***** Extracted material *****

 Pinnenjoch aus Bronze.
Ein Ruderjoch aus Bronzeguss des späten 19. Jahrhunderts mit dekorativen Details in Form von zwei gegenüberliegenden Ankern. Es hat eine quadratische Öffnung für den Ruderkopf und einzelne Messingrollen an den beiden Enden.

*****
***** Extracted material *****

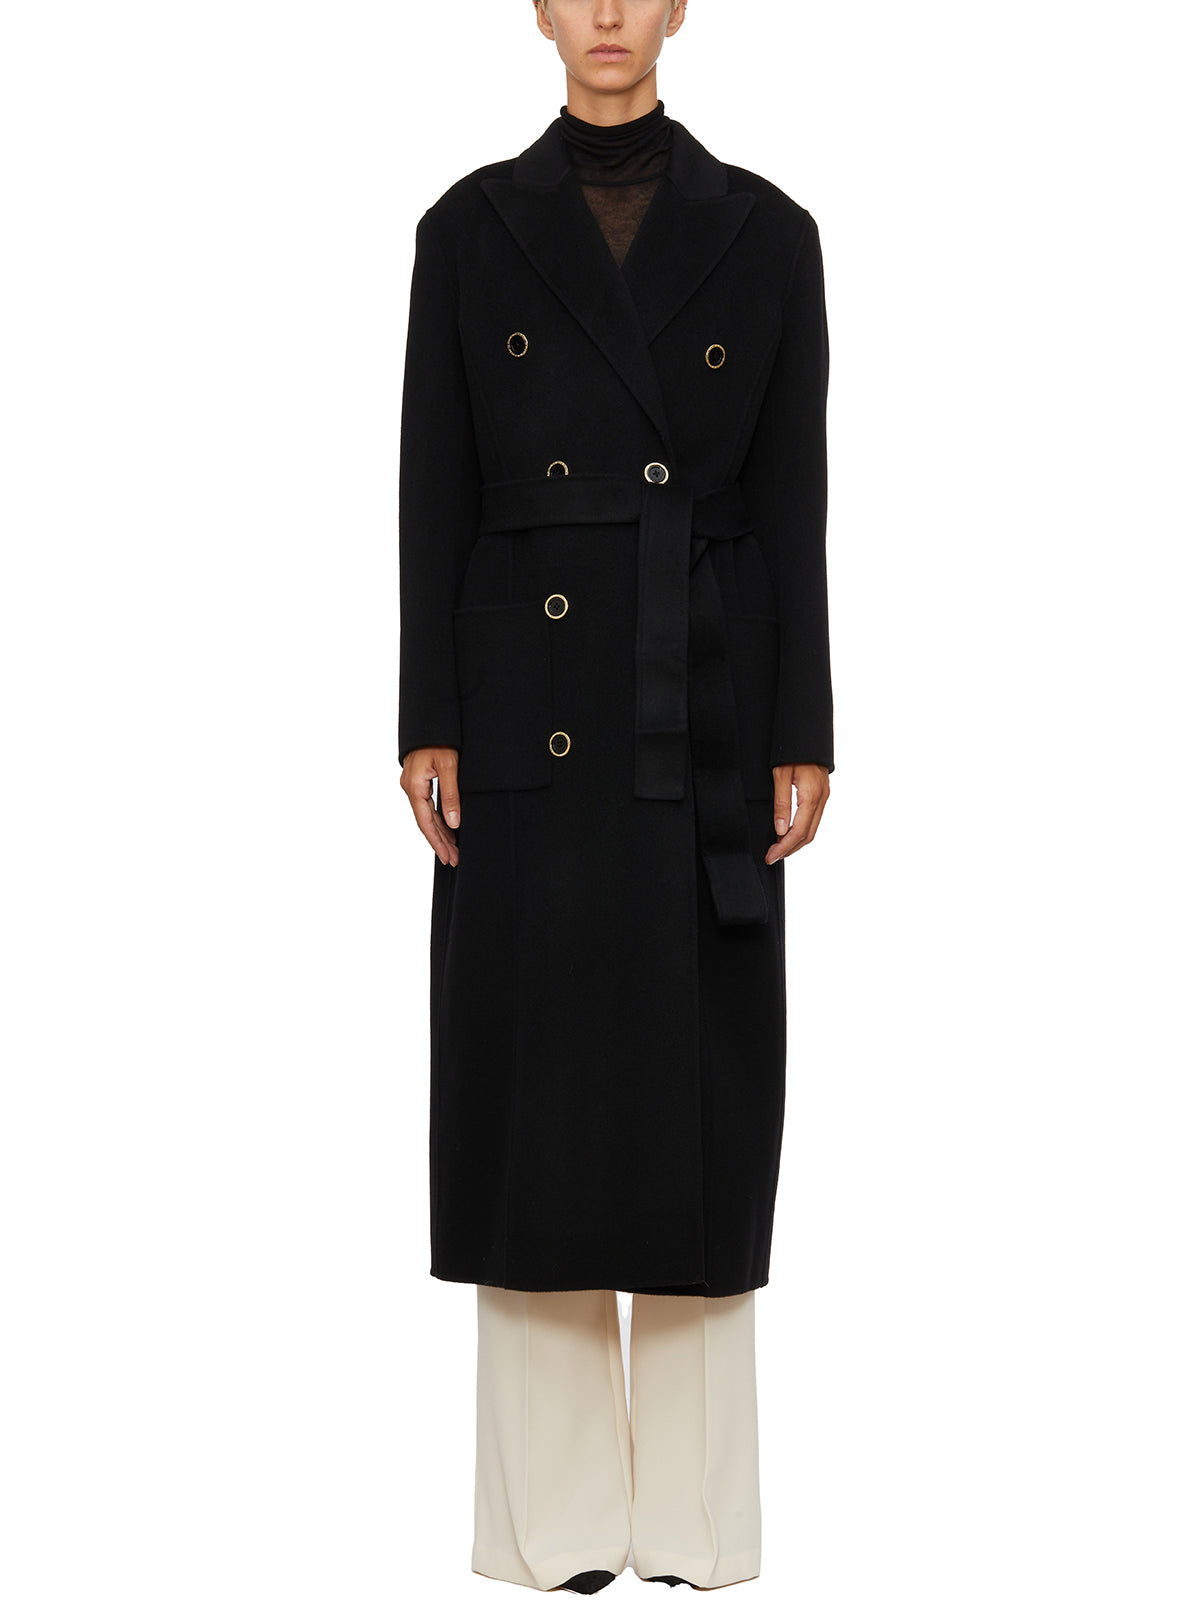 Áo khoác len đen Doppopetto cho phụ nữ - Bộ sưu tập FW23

*****

What you need to do:
Set down, exactly as they stand above, the lines starting with the line with "Pinnenjoch aus Bronze." and going on through the line with "Ein Ruderjoch aus", and no others.

Result of this exercise:
 Pinnenjoch aus Bronze.
Ein Ruderjoch aus Bronzeguss des späten 19. Jahrhunderts mit dekorativen Details in Form von zwei gegenüberliegenden Ankern. Es hat eine quadratische Öffnung für den Ruderkopf und einzelne Messingrollen an den beiden Enden.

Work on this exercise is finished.